### Available data
==========

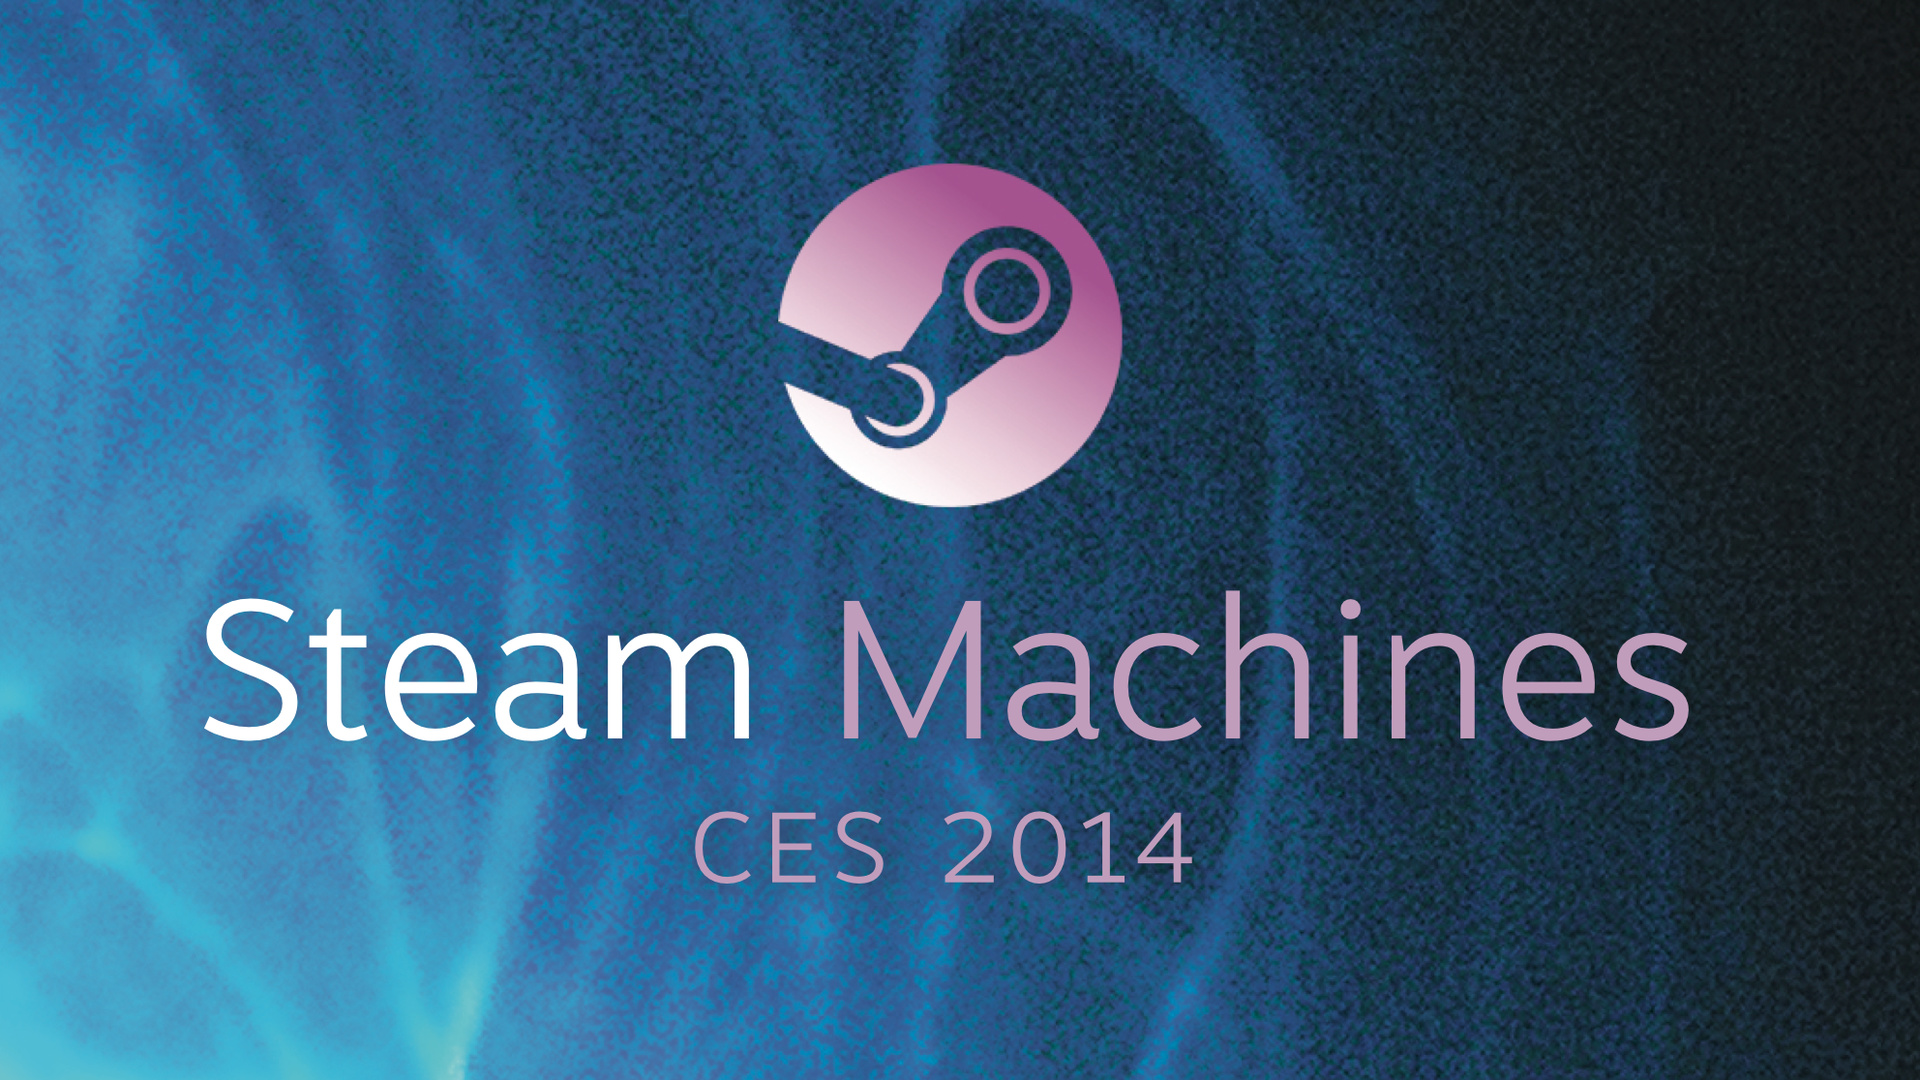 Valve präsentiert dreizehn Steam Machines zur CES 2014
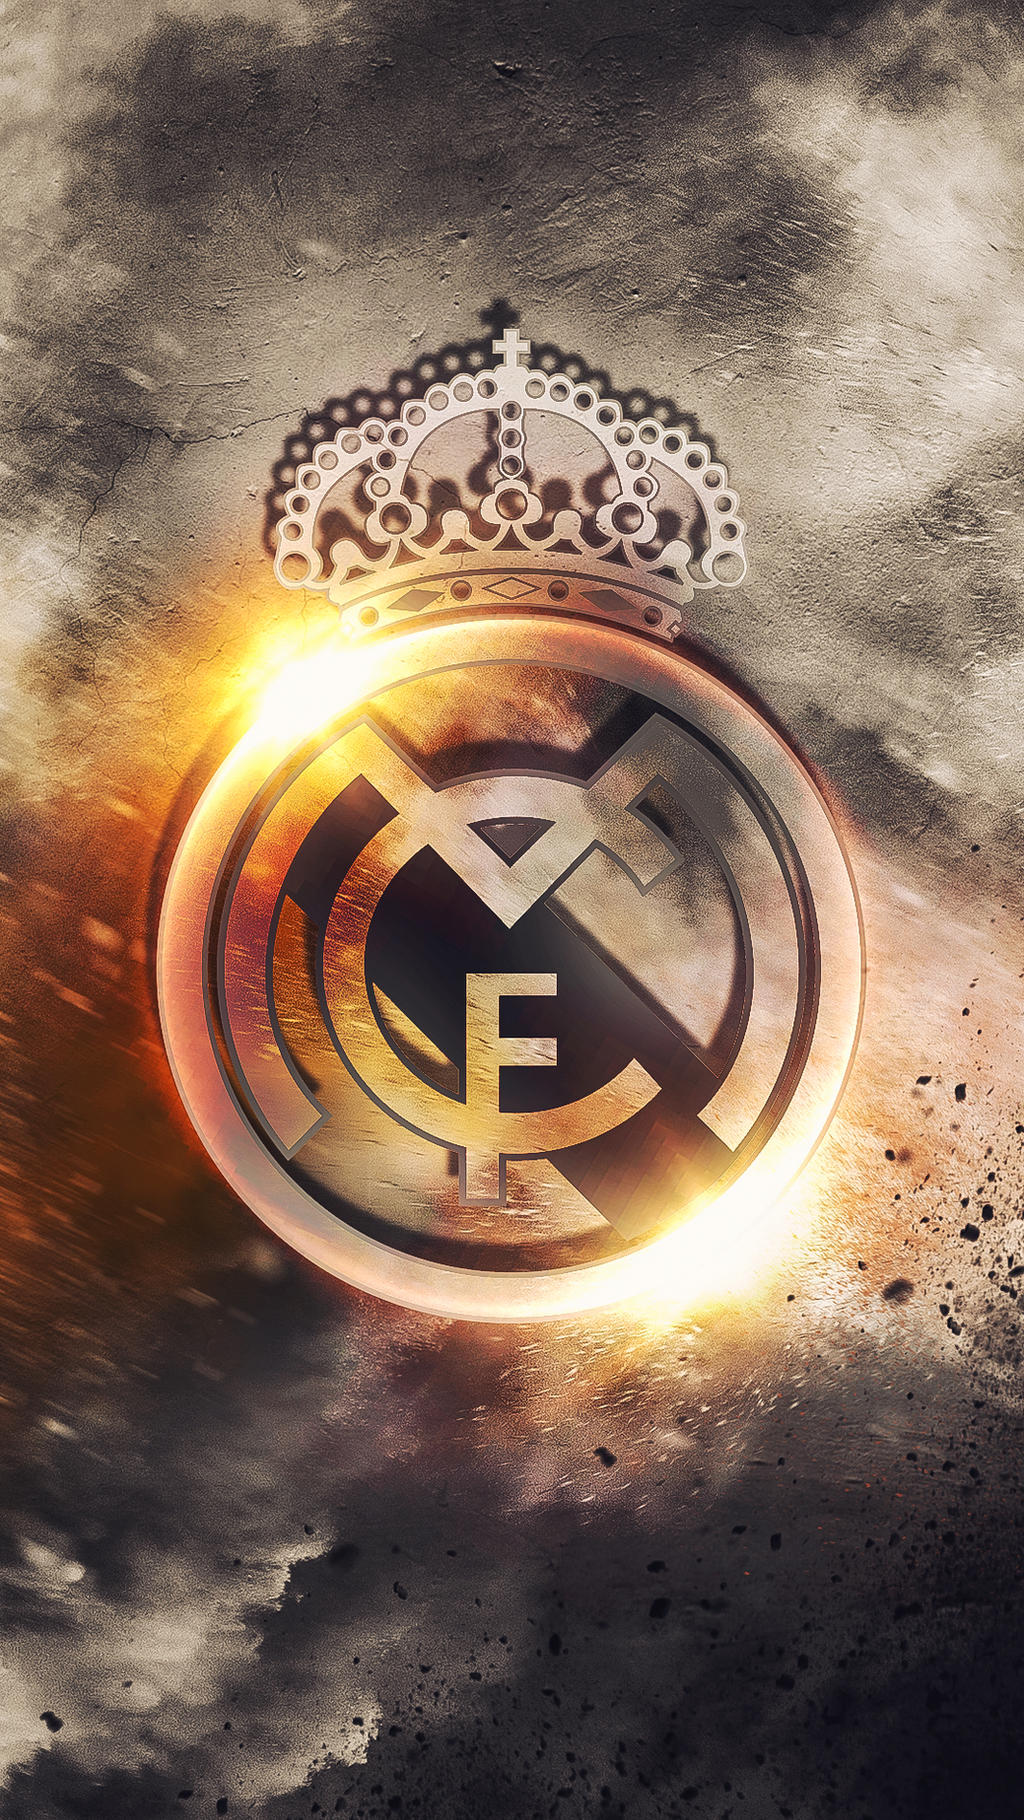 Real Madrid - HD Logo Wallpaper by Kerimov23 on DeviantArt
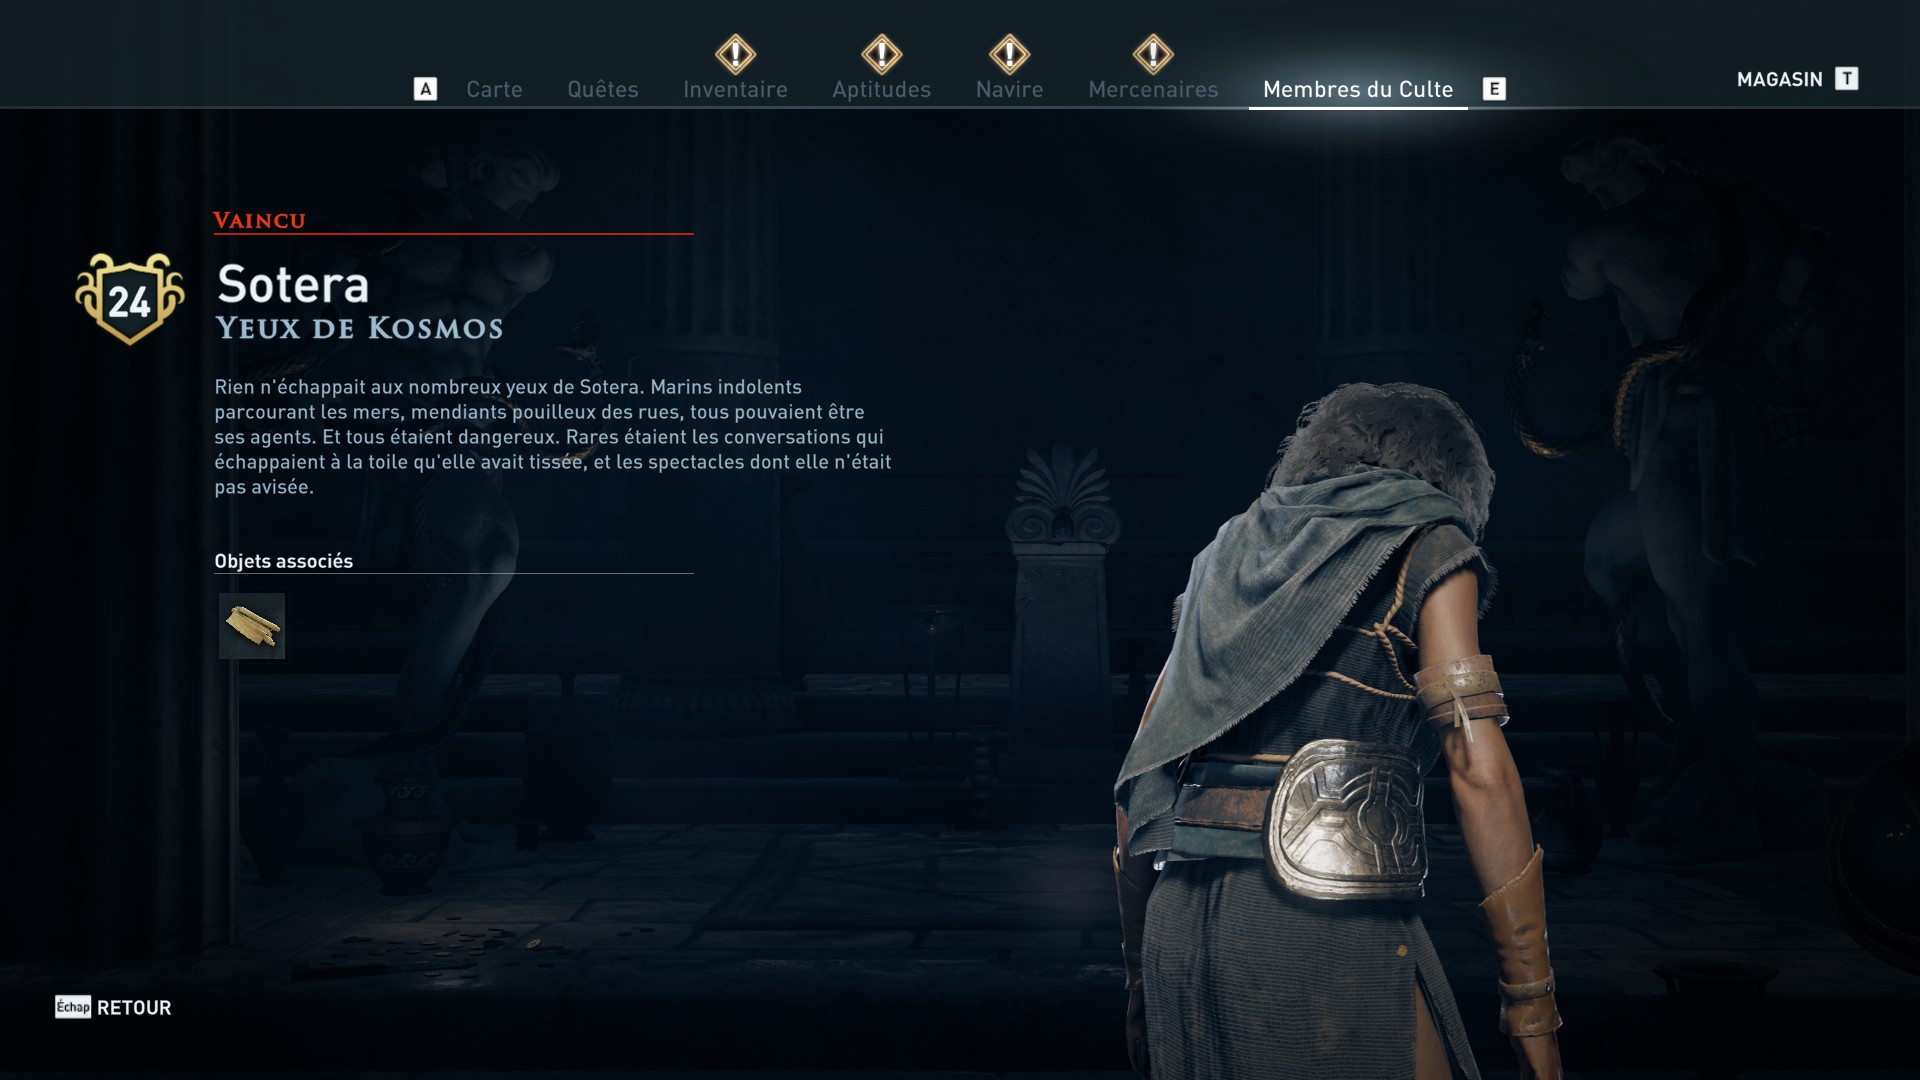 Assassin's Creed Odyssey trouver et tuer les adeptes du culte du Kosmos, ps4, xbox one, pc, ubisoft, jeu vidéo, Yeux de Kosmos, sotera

==========

### Brief
Once the line with "Real Madrid - HD" is found, write out that line and every later line of the listing above exactly, through the last one, and skip any pictures.

### Your response
 Real Madrid - HD Logo Wallpaper by Kerimov23 on DeviantArt
 Assassin's Creed Odyssey trouver et tuer les adeptes du culte du Kosmos, ps4, xbox one, pc, ubisoft, jeu vidéo, Yeux de Kosmos, sotera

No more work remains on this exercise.